There is perhaps another way of looking at all of this. During the market madness of the Truss government last year, the price of UK gilts slid sharply and the pound tanked to new lows against the dollar. Events in October were clearly linked to pension-fund distress and the liquidation of derivatives positions of a magnitude great enough to force the Bank of England to intervene.
Wait a minute though. When you see an overly-indebted country with a large current-account deficit whose bond yields are rising sharply and whose currency is simultaneously falling, one is really talking about the sort of risk one normally sees in an emerging market crisis. This is particularly the case when central-bank rate hikes fails to bolster the currency. The problem overlooked in much of the analysis of the last year’s UK crisis was that there had been a crescendo of rising yields and a falling pound all year, and the Truss/Kwarteng debacle was merely the dramatic end point in which the government fell and the central bank was forced to intervene.
It may well be the case that it is the long-term outlook for the UK’s balance of trade as well as the fiscal position of the government which holds the answer to the UK housing market. The choice between unemployment from higher interest rates to defeat inflation or backing off and allowing the currency to weaken as inflation takes hold is a very emerging-market choice that the UK faces, and in many ways it amounts to a choice between electrocuted AC or DC. Very unpleasant either way.

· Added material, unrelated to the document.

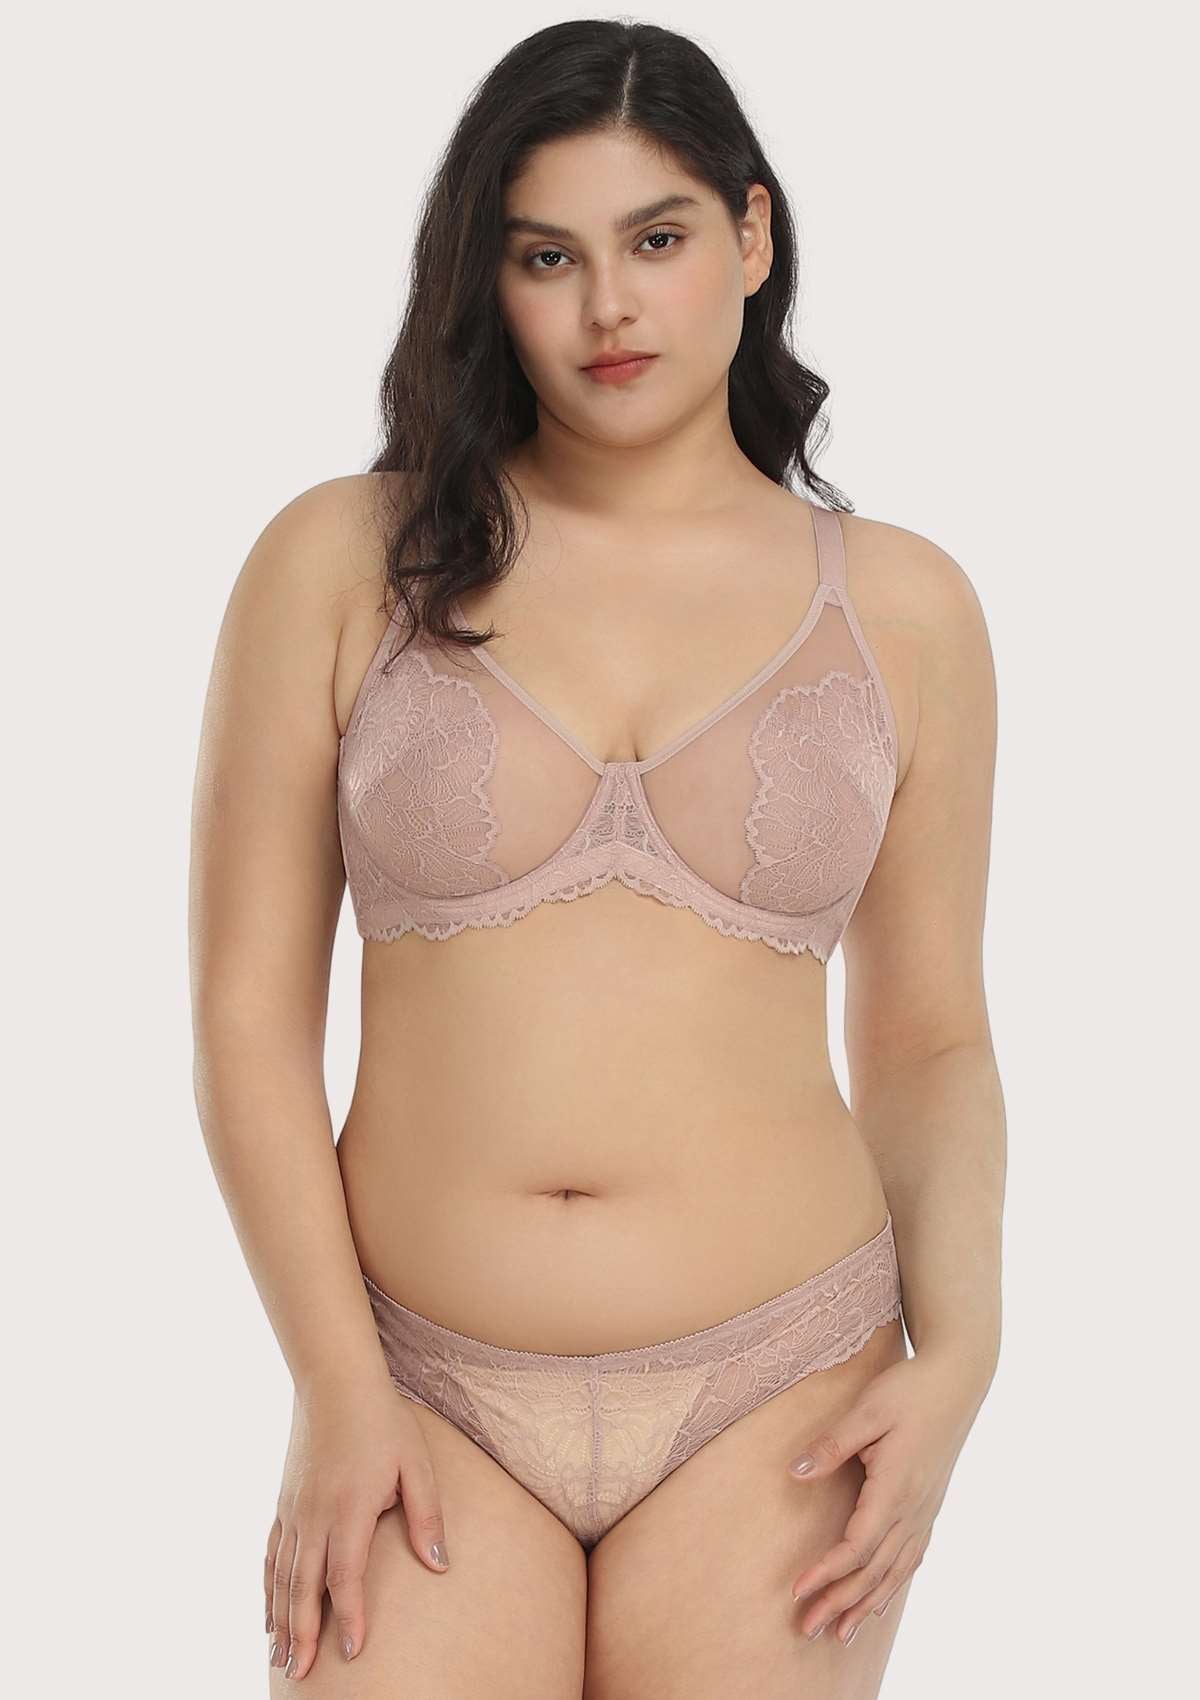 HSIA Blossom Lace Bra And Panties Set: Best Bra For Large Busts - Dark Pink / 40 / DD/E

High property prices in the UK could be seen as the inevitable result of a large build up of debt resulting from financial deregulation, easier lending standards, and an extended period of falling interest rates due to disinflation (the result of globalisation, technological advances, savings gluts abroad and other macro inputs). Fifty years of rising house prices might seem like a fundamental shift, but even this has been driven by transitory factors such as demography (especially the impact of the baby-boomer generation) and financial reform, not least the shift from gold-backed money to a floating global currency system after 1971.
The return of inflation means the return of interest rates and as Warren Buffett once said, interest rates are the gravity of asset prices. The political pressure to avoid a housing crash will without doubt be immense, but this time around interventions (rate cuts, quantitative easing, mortgage forbearance and so forth) happening in a period of high inflation will have quite a different impact than it did in the deflationary scenario of 2008. Governments and central banks can control the price of money or the amount of money but not both, and it is in this battle that the destiny of UK household wealth and therefore the housing market will be decided.
A.E. Holmans, Housing Policy in Britain, Office of National Statistics Data, Croon Helm, 1986.